Abstract
Post-stroke cognitive impairment and dementia (PSCID) is a complication that affects long-term functional outcomes after stroke. Studies on dementia after long-term follow-up in stroke have focused predominantly on ischemic stroke, which may be different from the development of dementia after spontaneous intracerebral hemorrhage (ICH). In this review, we summarize the existing data and hypotheses on the development of dementia after spontaneous ICH, review the management of post-ICH dementia, and suggest areas for future research.
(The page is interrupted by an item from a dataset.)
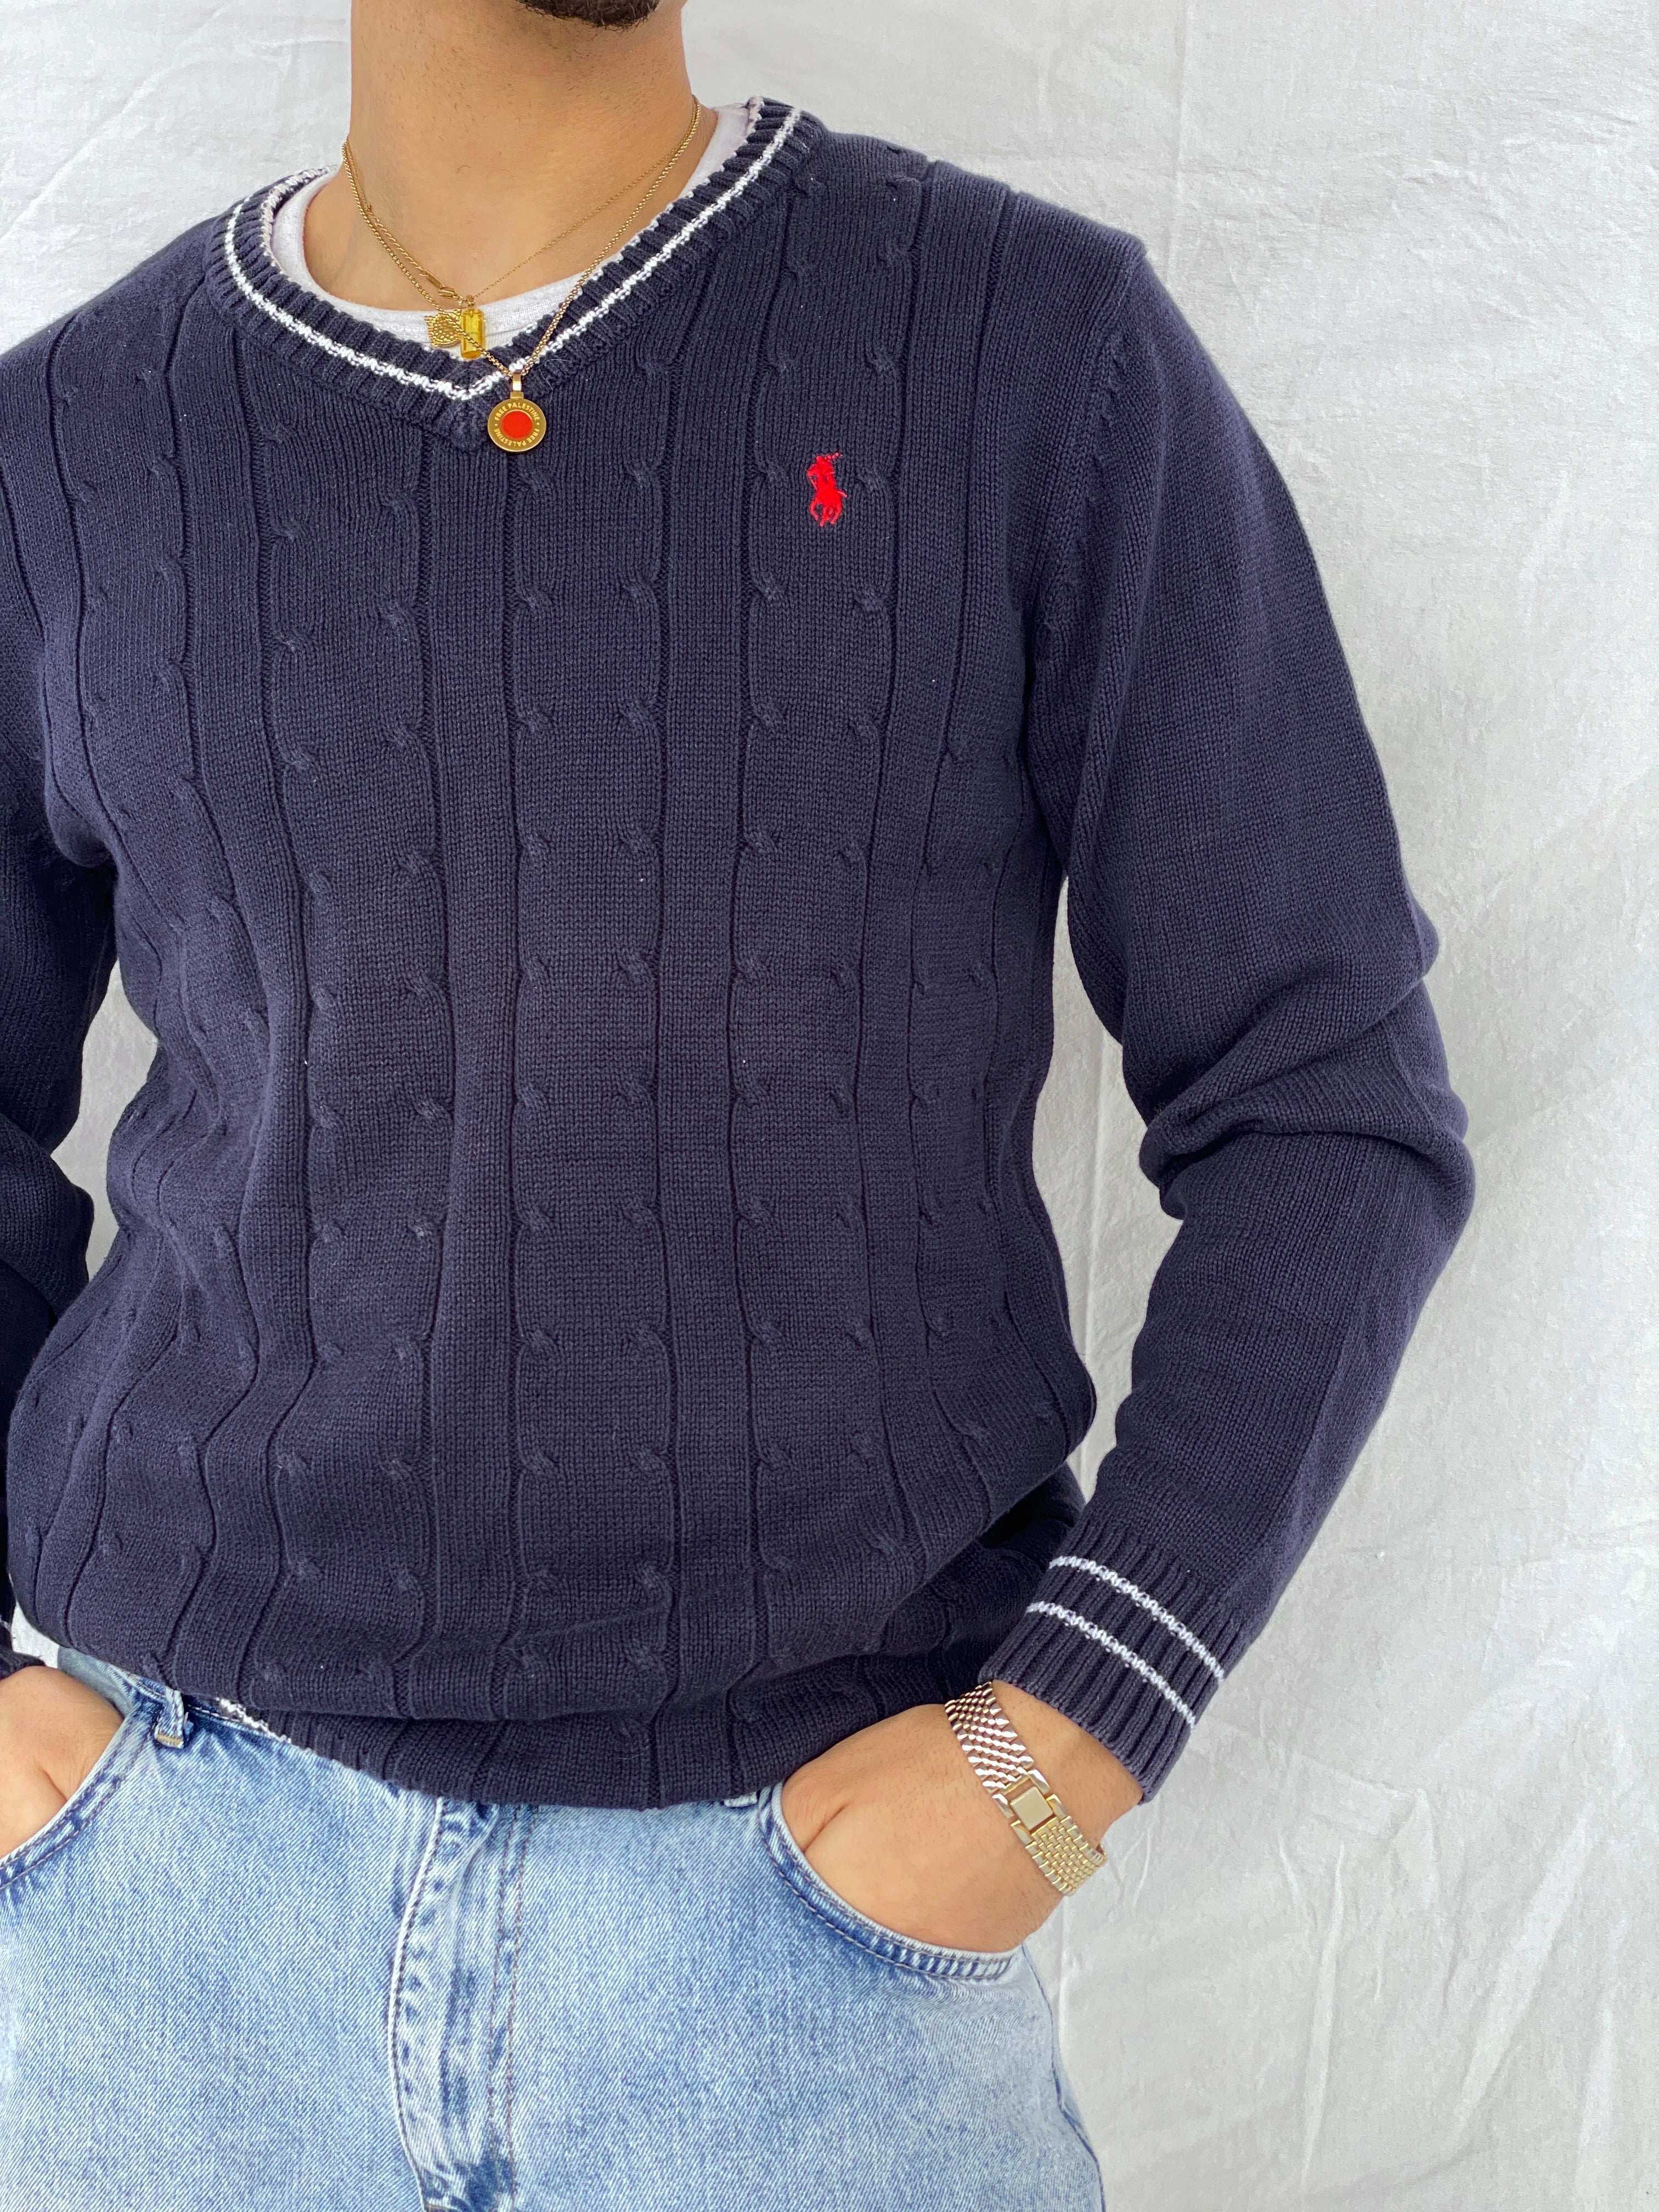 Polo By Ralph Lauren Navy Sweater - Size XL - Balagan Vintage Sweater 00s, 90s, Abdullah, knitted sweater, ralph lauren, winter

Dementia after spontaneous ICH has a cumulative incidence of up to 32.0–37.4% at 5 years post-ICH. Although the pathophysiology of post-ICH dementia has not been fully understood, two main theoretical frameworks can be considered: 1) the triggering role of ICH (both primary and secondary brain injury) in precipitating cognitive decline and dementia; and 2) the contributory role of pre-existing brain pathology (including small vessel disease and neurodegenerative pathology), reduced cognitive reserve, and genetic factors predisposing to cognitive dysfunction. These pathophysiological pathways may have synergistic effects that converge on dysfunction of the neurovascular unit and disruptions in functional connectivity leading to dementia post-ICH. Management of post-ICH dementia may include screening and monitoring, cognitive therapy, and pharmacotherapy. Non-invasive brain stimulation is an emerging therapeutic modality under investigation for safety and efficacy. Our review highlights that there remains a paucity of data and standardized reporting on incident dementia after spontaneous ICH. Further research is imperative for determining the incidence, risk factors, and pathophysiology of post-ICH dementia, in order to identify new therapies for the treatment of this debilitating condition.
Keywords
INTRODUCTION
Post-stroke cognitive impairment and dementia (PSCID) is increasingly recognized as a complication that influences long-term functional outcomes after stroke [1–8]. The pathophysiology of PSCID involves a complex interplay between pre-incident cognitive reserve, the characteristics of incident stroke, and accumulation of neurodegenerative and small vessel disease pathology in the brain [8]. Ongoing prospective cohorts have been established to further elucidate the pathophysiology and trajectories of cognitive decline [9, 10], as well as to predict and intervene early to prevent cognitive deterioration after stroke [11].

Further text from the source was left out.